During post-acquisition modeling, the seismic interpreter, intuitively or otherwise, inverts the interpreted seismic data and develops a geological section using all available data as constraints. Such data would include acoustic and density log data, drilling and lithology data, stacking velocities, and check shot velocities. Experience and intuition will assist in refining modeled geologic sections.

A synthetic seismogram is generated by the interpreter for all or part of the geologic section and compared to the processed seismic data. When discrepancies are observed, the geologic section is modified and a new synthetic seismogram is generated. This process is iteratively repeated, until the interpreter is satisfied with the correlation between the synthetic seismogram and the real seismic data. Care must be taken to ensure that the final output is consistent with known geological constraints.

There are two complementary types of post-acquisition models-stratigraphic and structural. Both are designed on the basis of the inverted seismic data (intuitive or otherwise) and are constrained by available knowledge, including well log control, check shot velocities, regional trends and morphology, and acoustic impedance characteristics of related geological features. Stratigraphic models are generated to clarify the geological origin of the character variation component of an observed seismic anomaly. Structural models are generated to determine the origin of the time-structural component of an observed anomaly.

The stratigraphic synthetic seismogram enables amplitude and phase variation along specific events and variations in the seismic images of specific layers to be closely analyzed.

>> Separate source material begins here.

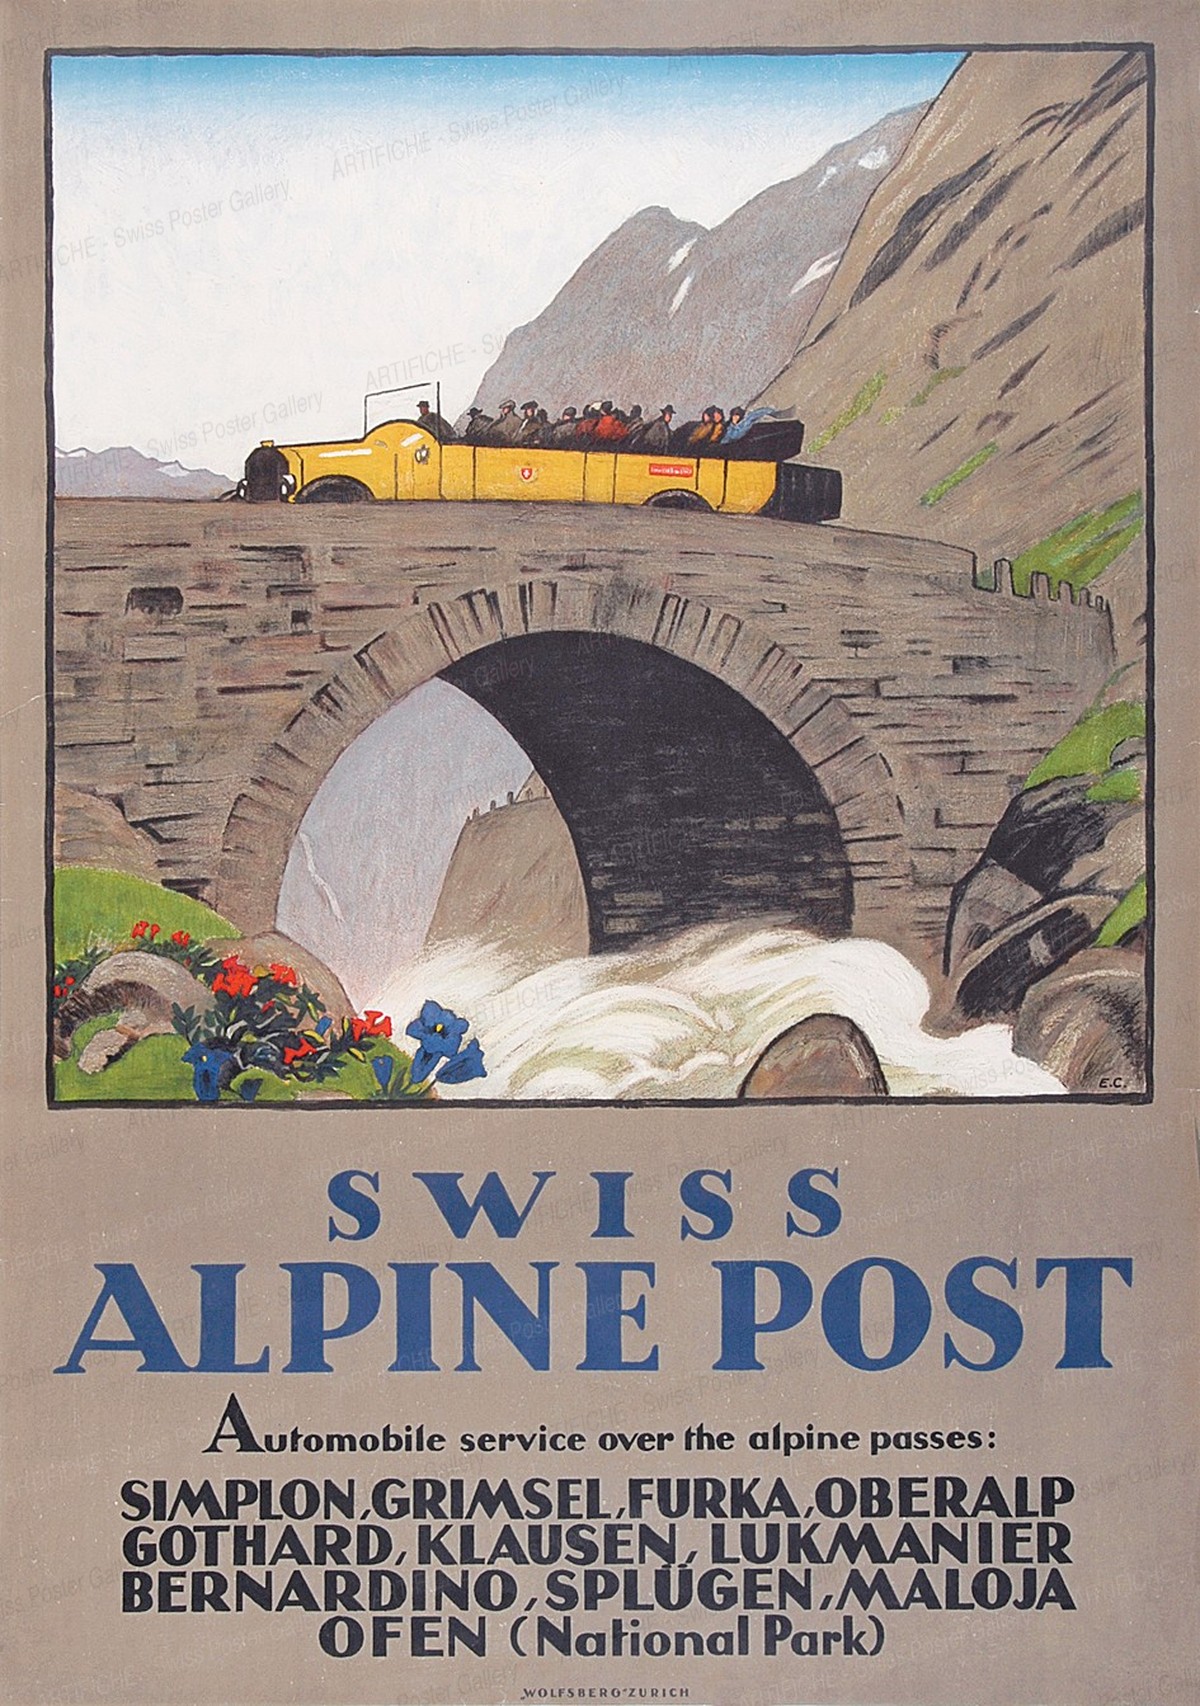 SWISS ALPINE POST – Automobile service over the alpine passes, Emil Cardinaux

Accuracy can depend on knowledge of the wavelet of the seismic energy pulse, that is, the response to a hypothetical isolated reflector. Using the structural synthetic seismograms, the interpreter attempts to deduce structural relief in the subsurface and to determine the velocity variations which produced the observed pattern of velocity-generated time-structural relief. This later seismogram depends on a stable wavelet on the real seismic data but is not dependent on identification of the wavelet form.

Post-acquisition modeling can similarly be thought of as a precautionary measure. The interpreter is attempting to ensure that anomalous features on the seismic data, in all probability, originate from geological features worthy, of further evaluation (i.e., the acquisition of additional seismic control, drilling, etc.). The interpreter is attempting to avoid the gross error of an unrealistic interpretation.

Summary

Through forward seismic modeling, the interpreter can elucidate the potential utility of the seismic technique prior to the acquisition of field seismic data and thereafter facilitate the interpretation of acquired seismic data. Seismic modeling is typically done both before and after the acquisition of seismic field data. It aids the planning of an acquisition program, and it is essential in interpretation, making correlation of the observed reflections and geologic interfaces possible and verifying the seismic responses of deduced anomalies.

There are two basic types of forward models-stratigraphic and structural. Both are designed on the basis of well control in the immediate vicinity of the study area, regional trends, the morphology, and acoustic impedance characteristics of features similar to the envisioned target. The stratigraphic and structural synthetic seismograms generally differ with respect to detail and ultimate purpose. Stratigraphic synthetic seismograms are designed to provide information with respect to the character variation component of the seismic signature of the envisioned anomaly. In contrast, structural synthetic seismograms are designed to illustrate the time-structural relief component. Typically, the stratigraphic seismogram is restricted to that portion of the subsurface in the immediate vicinity of the envisioned geological anomaly, whereas the structural seismogram usually extends from the surface to a depth below the features of interest.